Tuesday, 3 June 2008

What is unfair about Boris booze ban?

Am I alone in wondering exactly why controversy has attended Boris Johnson’s decision to ban alcohol on London’s public transport system?

I would view myself as reasonably libertarian, but I cannot agree that asking people to keep their booze closed on buses and underground trains is an egregious curtailment of civil liberties. If anything I was surprised to learn that it was quite permissible to crack open a can or two before Boris decided otherwise.
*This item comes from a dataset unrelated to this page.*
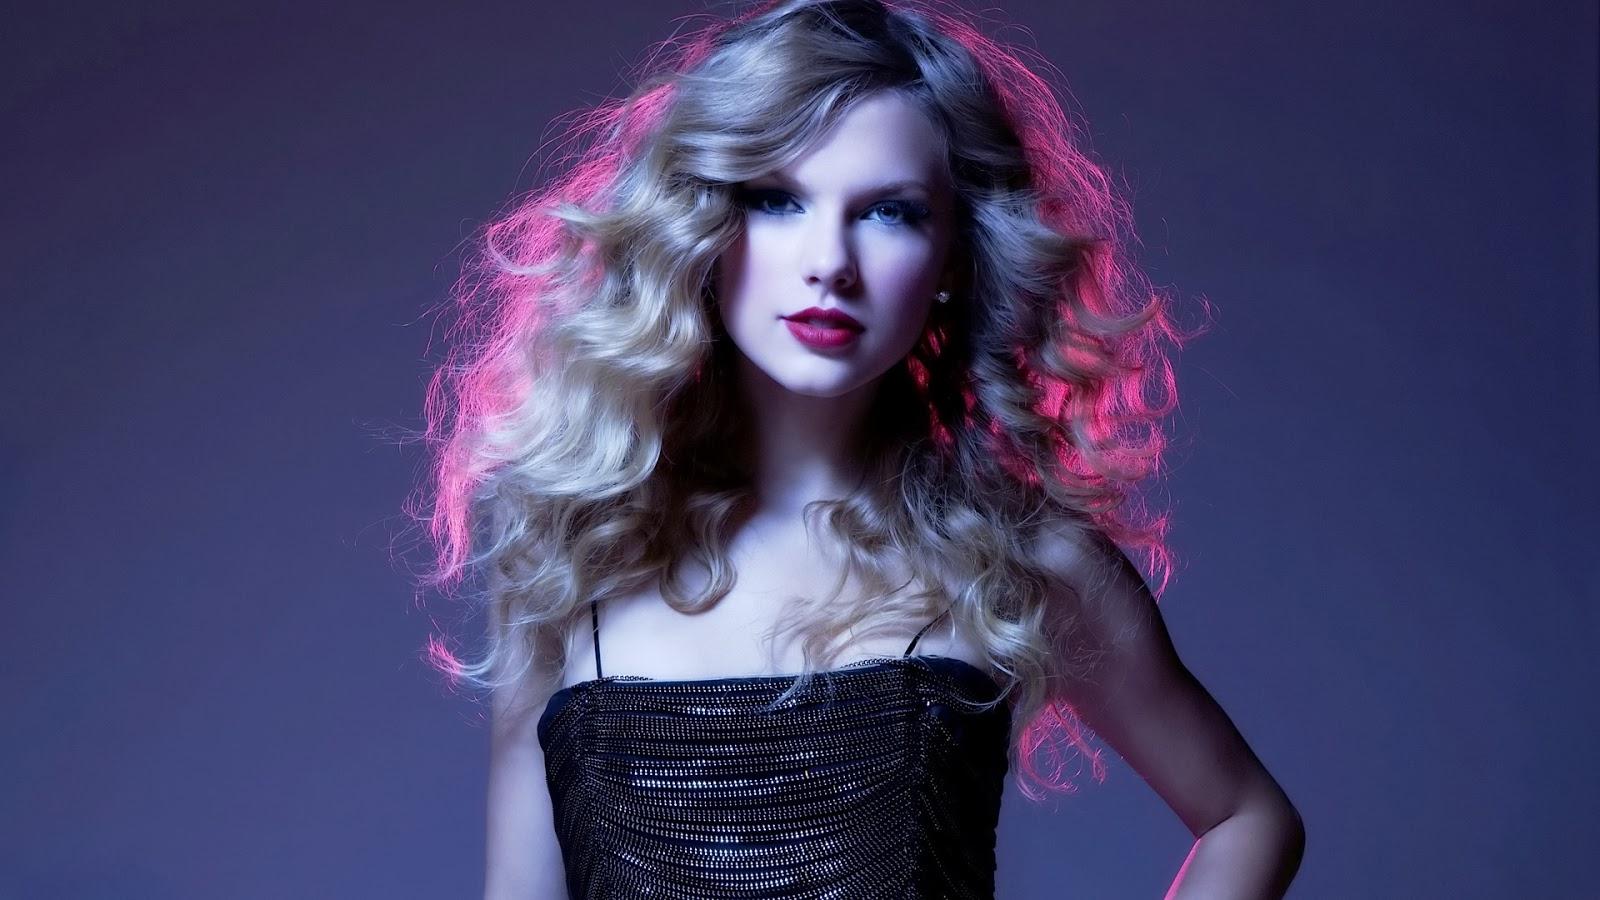 Taylor Swift Barbie Doll HD Wallpaper

I would be the last person to lecture people about drinking, but beyond a shadow of a doubt a large group of drinkers can transform a journey into a miserable experience for fellow passengers. If banning alcohol on public transport makes travelling on it more pleasant for the majority of transport users, then asking a minority to exercise a little restraint, seems to me a reasonable imposition. London’s drinkers are hardly deprived of options when it comes to tippling elsewhere.
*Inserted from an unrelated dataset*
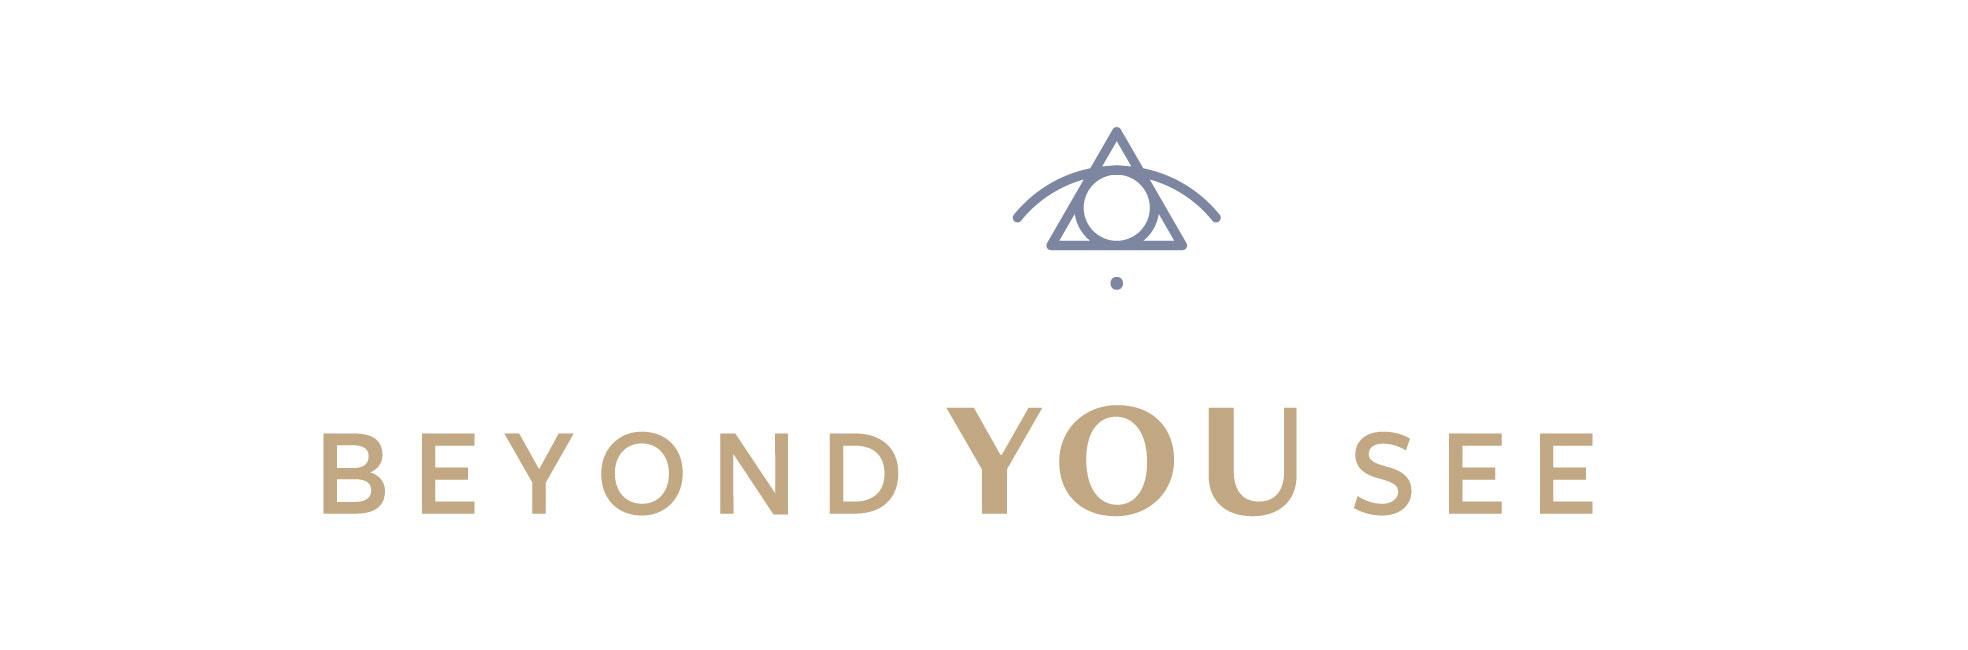 beyondYOUsee_Logo_Color_2-1

Of course ironically the large protest party which ensued the night before drinking was banned provided something of a definitive argument for why the prohibition should go ahead.

2 comments:

Anonymous said...

i disagree. surely those responsible for the poor behaviour should be punished for whatever their antisocial behaviour is and not for drinking. they are spoiling it for those who can drink AND behave. find this type of law irritating.

Chekov said...

Bollocks. A tube train or a bus is not the pub. Nothing is being spoiled for anyone by not allowing them to drink on this type of public transport. Any more of that type of s shite will be deleted.